» Work instructions: Your copy must start with the line containing "We enjoyed Brisket" and end with the last line of the entries, matching them exactly and leaving out every picture.
==== Data to use
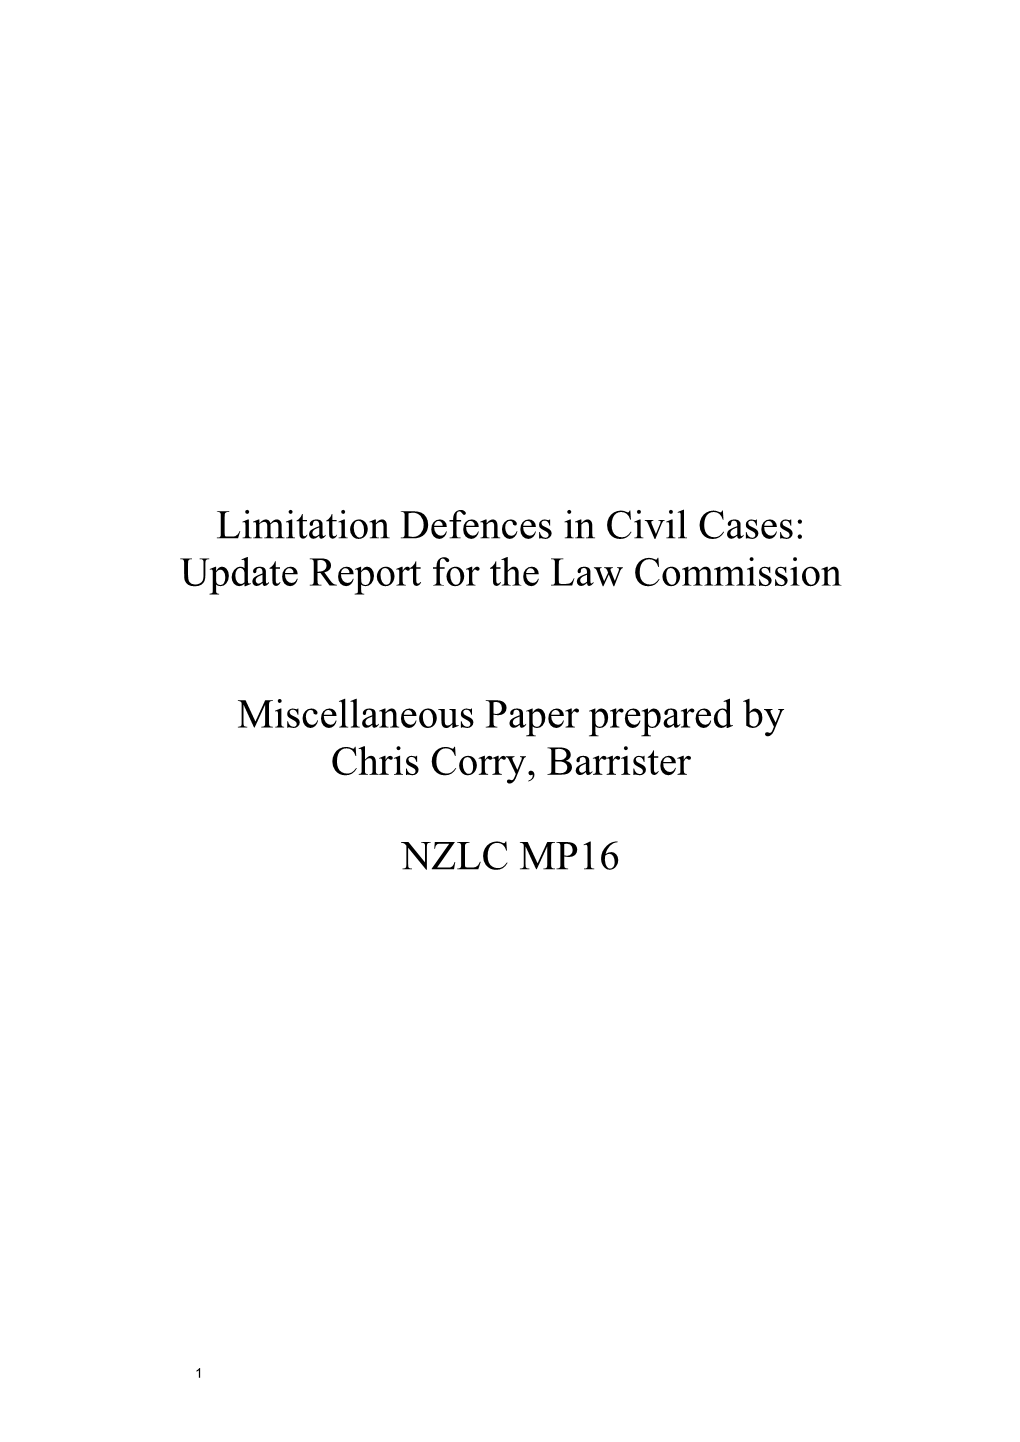 Limitation Defences in Civil Cases: Update Report for the Law Commission
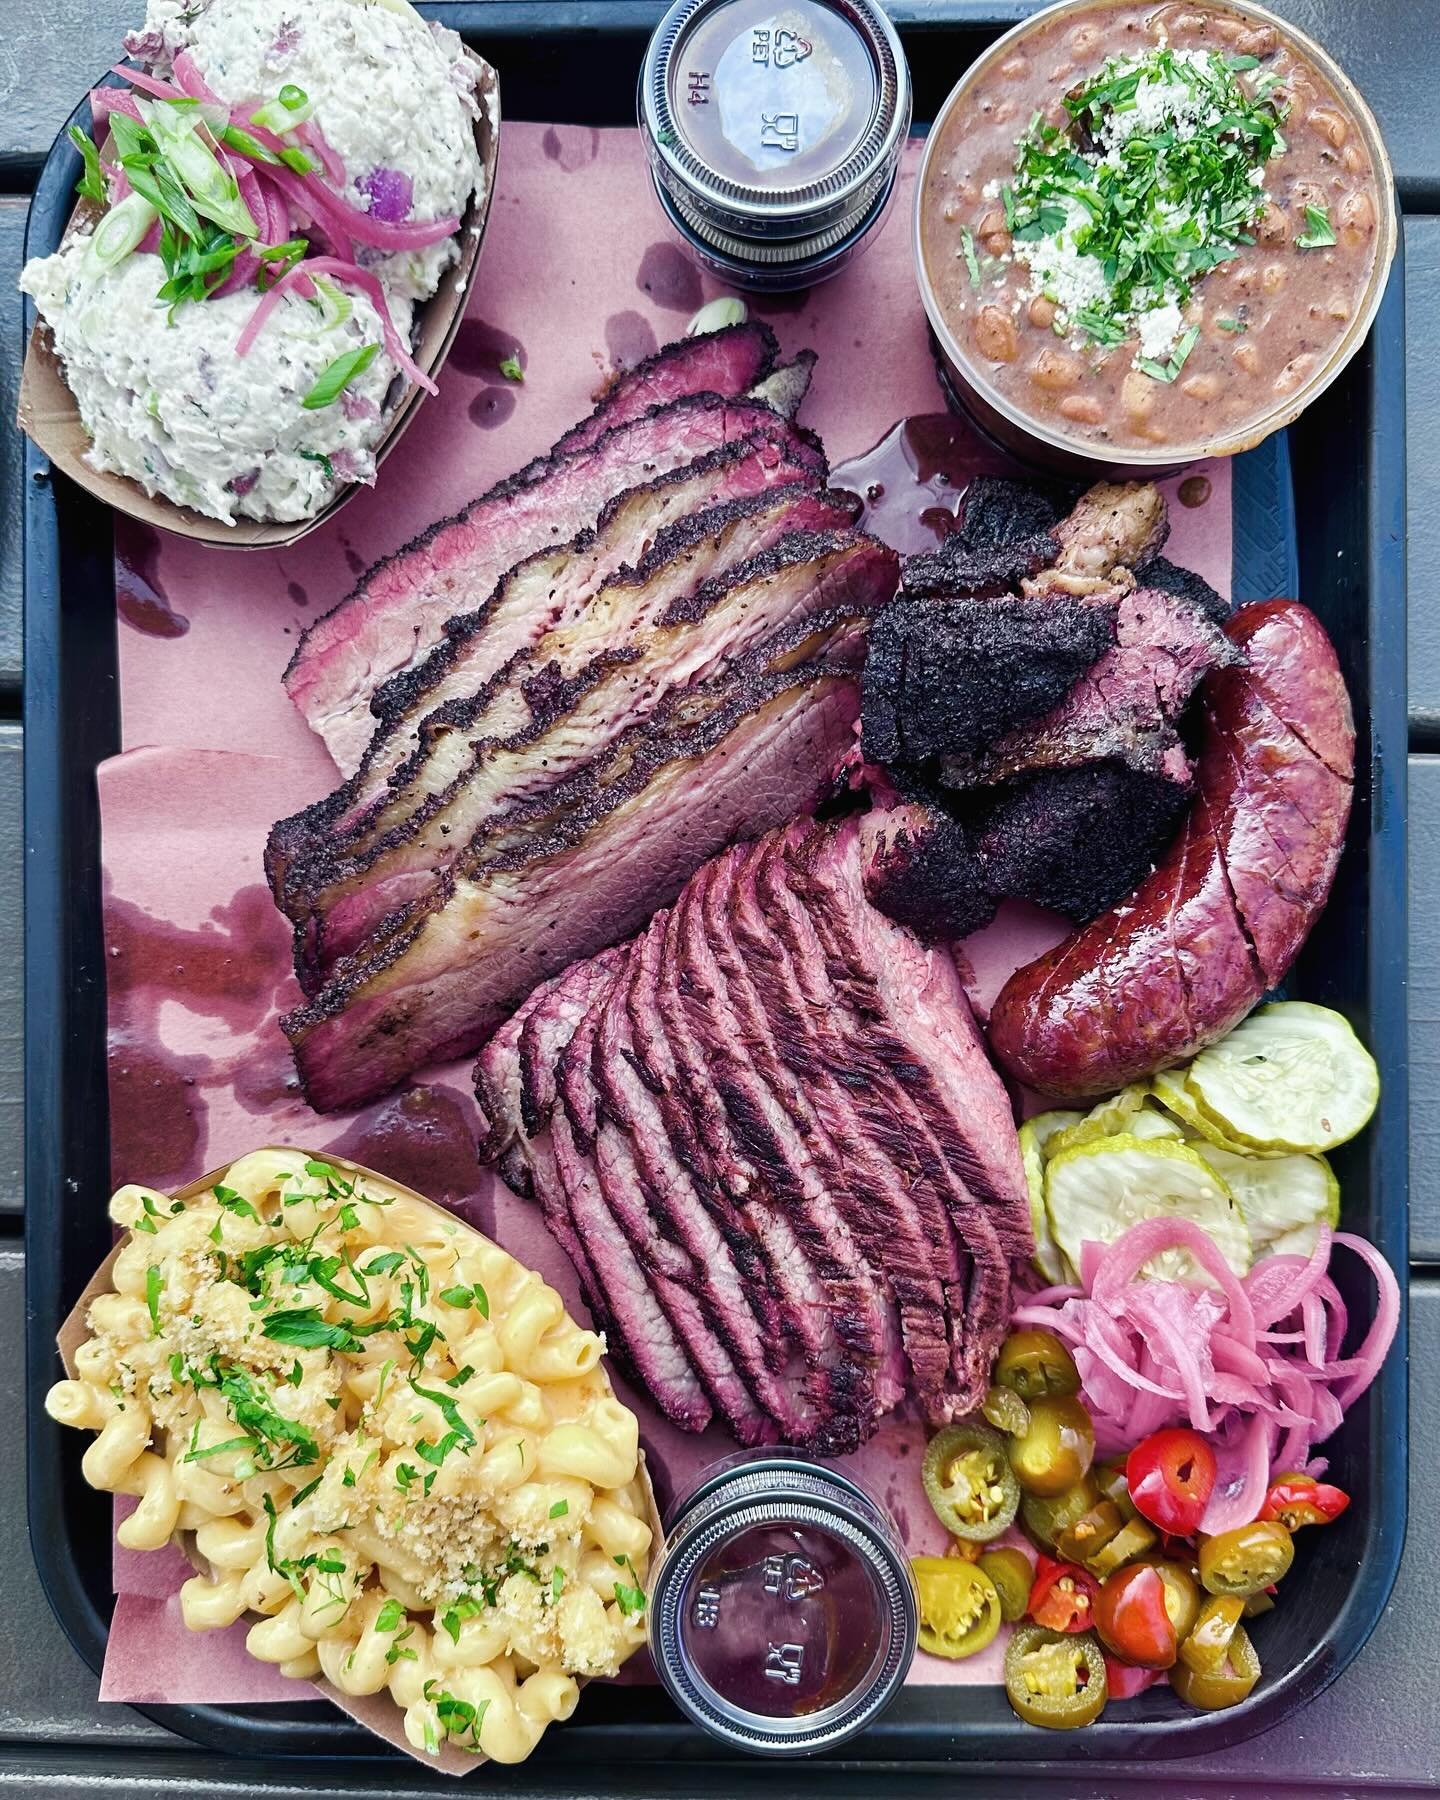 The Birthday Weekend Food Fest continued with a trip down to @heritagebarbecue in San Juan Capistrano for a little snack. 

We enjoyed Brisket (sliced and burnt ends), Tri-tip, Leek &amp; Garlic Sausage, Potato Salad, Brisket Baked Beans and Mac n Ch
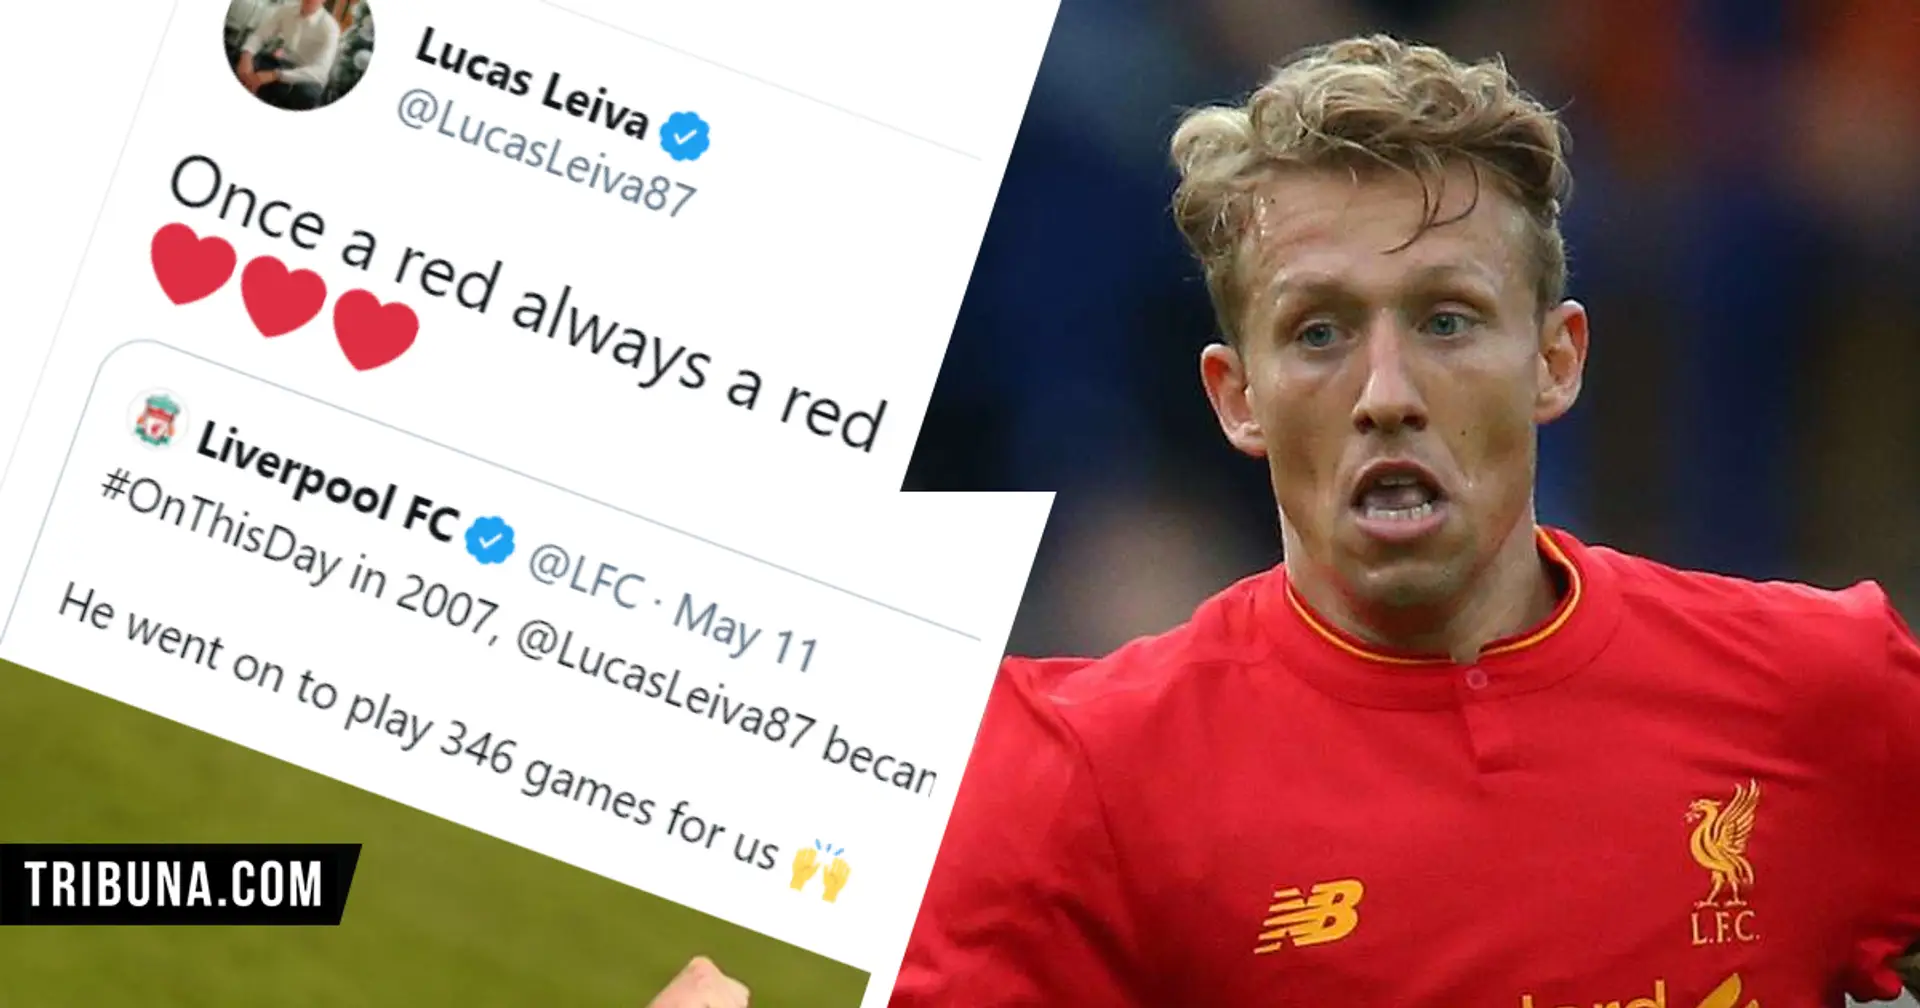 'Is right laaaa': Lucas Leiva's top response to LFC tweet celebrating his 2007 signing
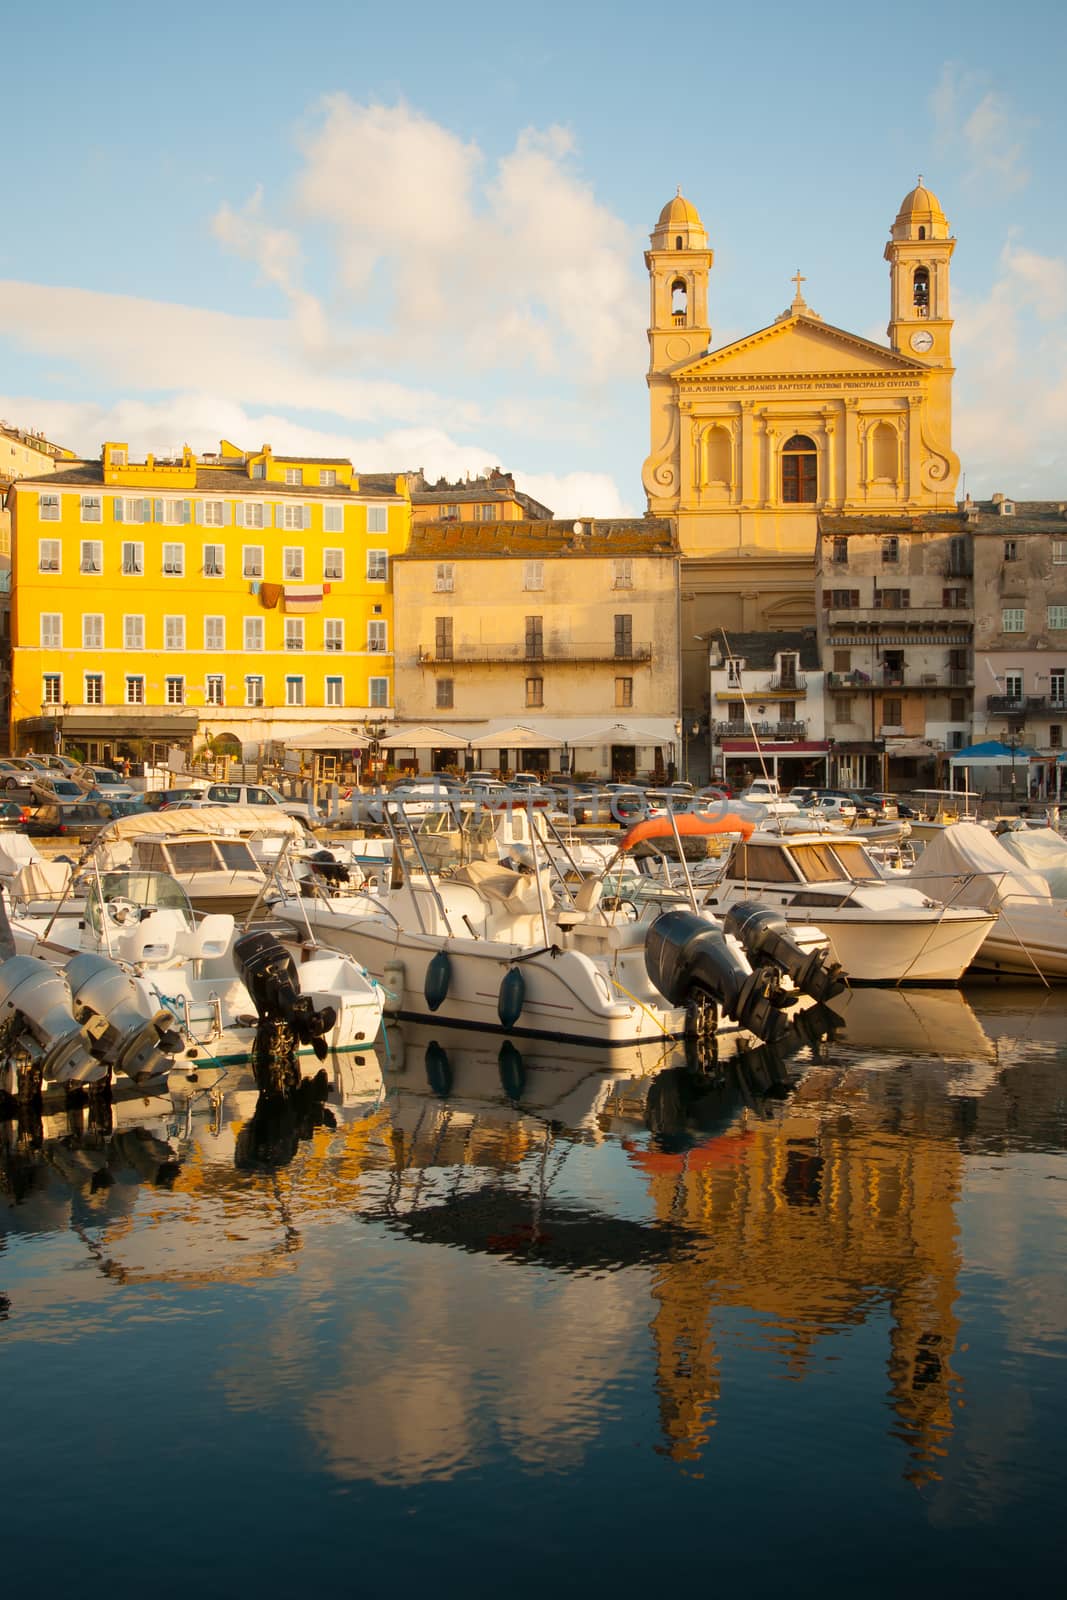 Scene of the old port (the Vieux Port), in Bastia, Corsica, France.
========
» Answer to the exercise:
We enjoyed Brisket (sliced and burnt ends), Tri-tip, Leek &amp; Garlic Sausage, Potato Salad, Brisket Baked Beans and Mac n Ch
 'Is right laaaa': Lucas Leiva's top response to LFC tweet celebrating his 2007 signing
 Scene of the old port (the Vieux Port), in Bastia, Corsica, France.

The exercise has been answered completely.